The programme partners with Pacific Island governments to improve access to justice, service delivery, equality and effective governance, in line with international standards and international law.
Since 2008, Pacific Island countries have been increasingly valuing the services offered by RRRT. This is evidenced through the increased ratification and implementation of human rights conventions and the increased volume of requests for support in areas of legislative reform, gender equality and responses to violence against women.
From its beginnings in gender rights and legal literacy, RRRT has evolved to become the leading regional human rights agency in the region. The Team’s focus has evolved from education and advocacy to the provision of training and technical assistance. RRRT’s work has become increasingly technical and include the provision of advice on policy and legislative reform.
Since joining SPC, RRRT has:
- assisted all UN member states in the Pacific to report to the UN Human Rights Council’s Universal Periodic Review process;
- established committees and task forces in six Pacific Island countries to advance legislative reform on violence against women;
- drafted legislation to address violence against women in three Pacific Island legislatures;
- assisted three Pacific nations to advance policy and legislative changes to address HIV, based on principles of human rights.

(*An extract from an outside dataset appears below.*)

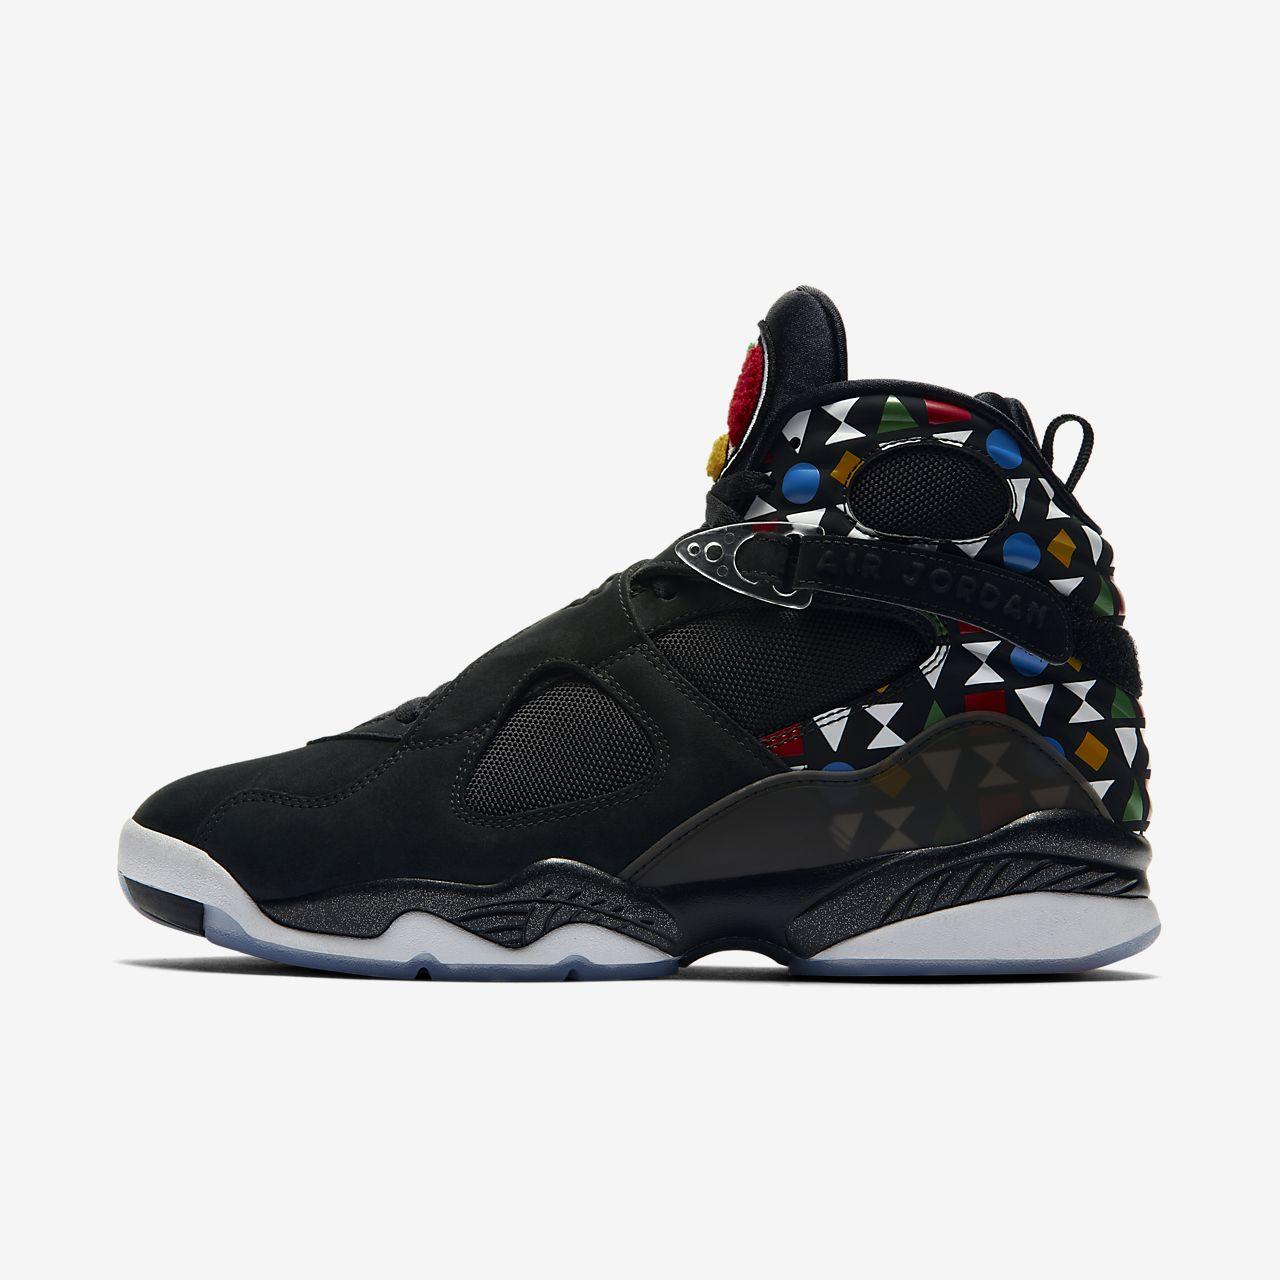 Air Jordan 8 Retro Q54 Men's Shoe
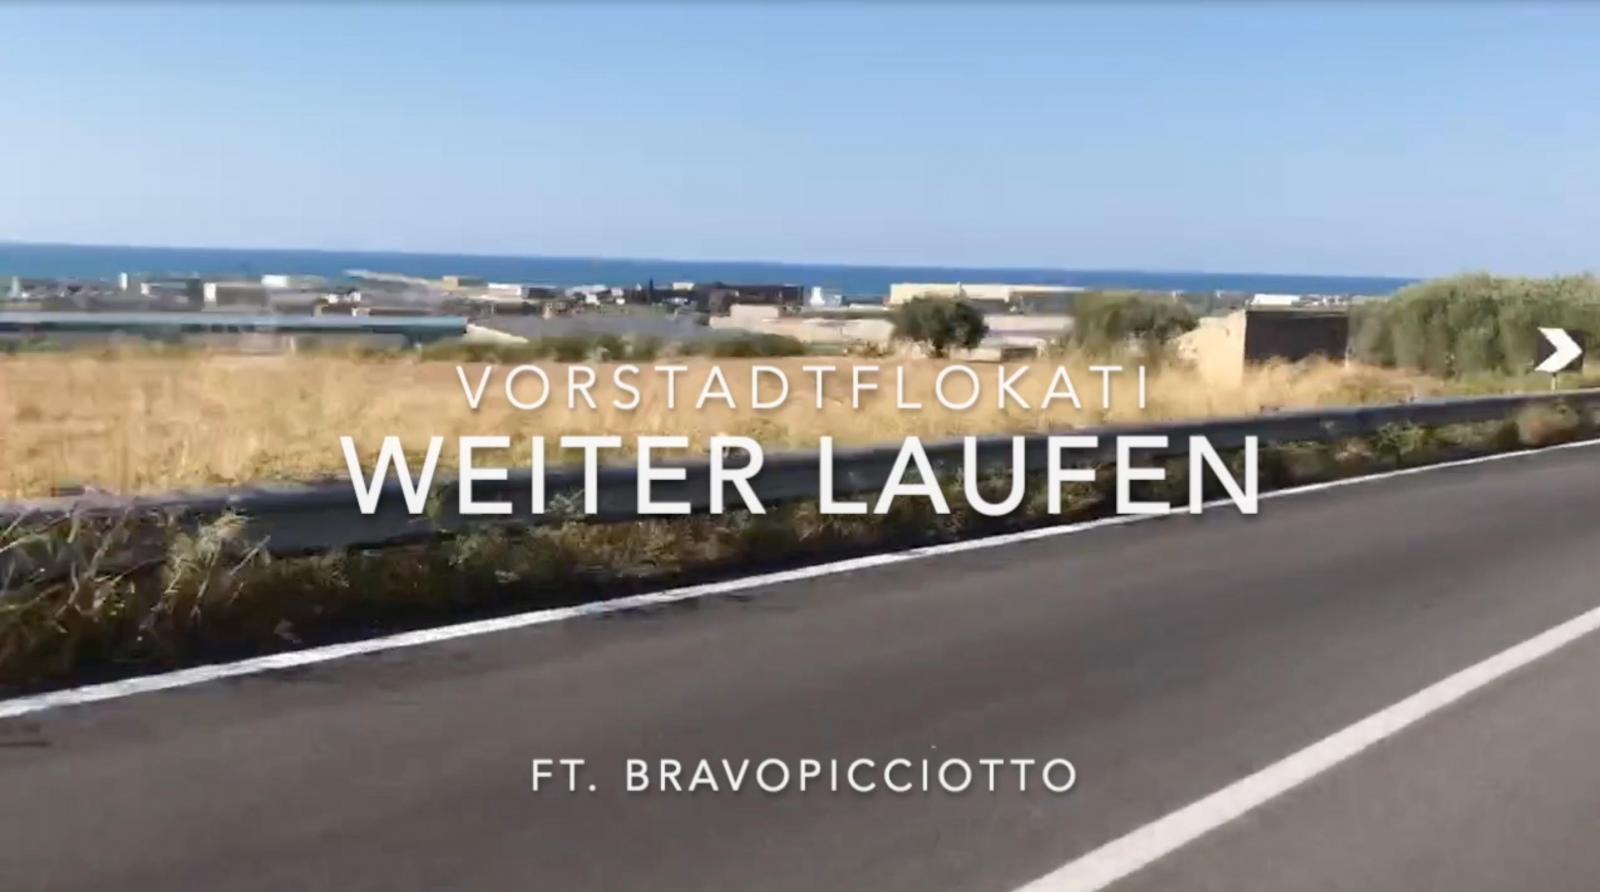 Upcoming: VORSTADTFLOKATI FT. BRAVOPICCIOTTO - WEITER LAUFEN

Throughout its history RRRT has built on core values of gender equality and human rights. The focus of service delivery outputs has evolved from education and training to the provision of policy advice and technical assistance as a result of the increasing dialogue and acceptance of human rights among governments in the region. RRRT has contributed substantially to this process.
The programme continues to partner with United Nations agencies, regional organisations and civil society organisations to leverage enhanced outcomes for the people of the Pacific with respect to their rights.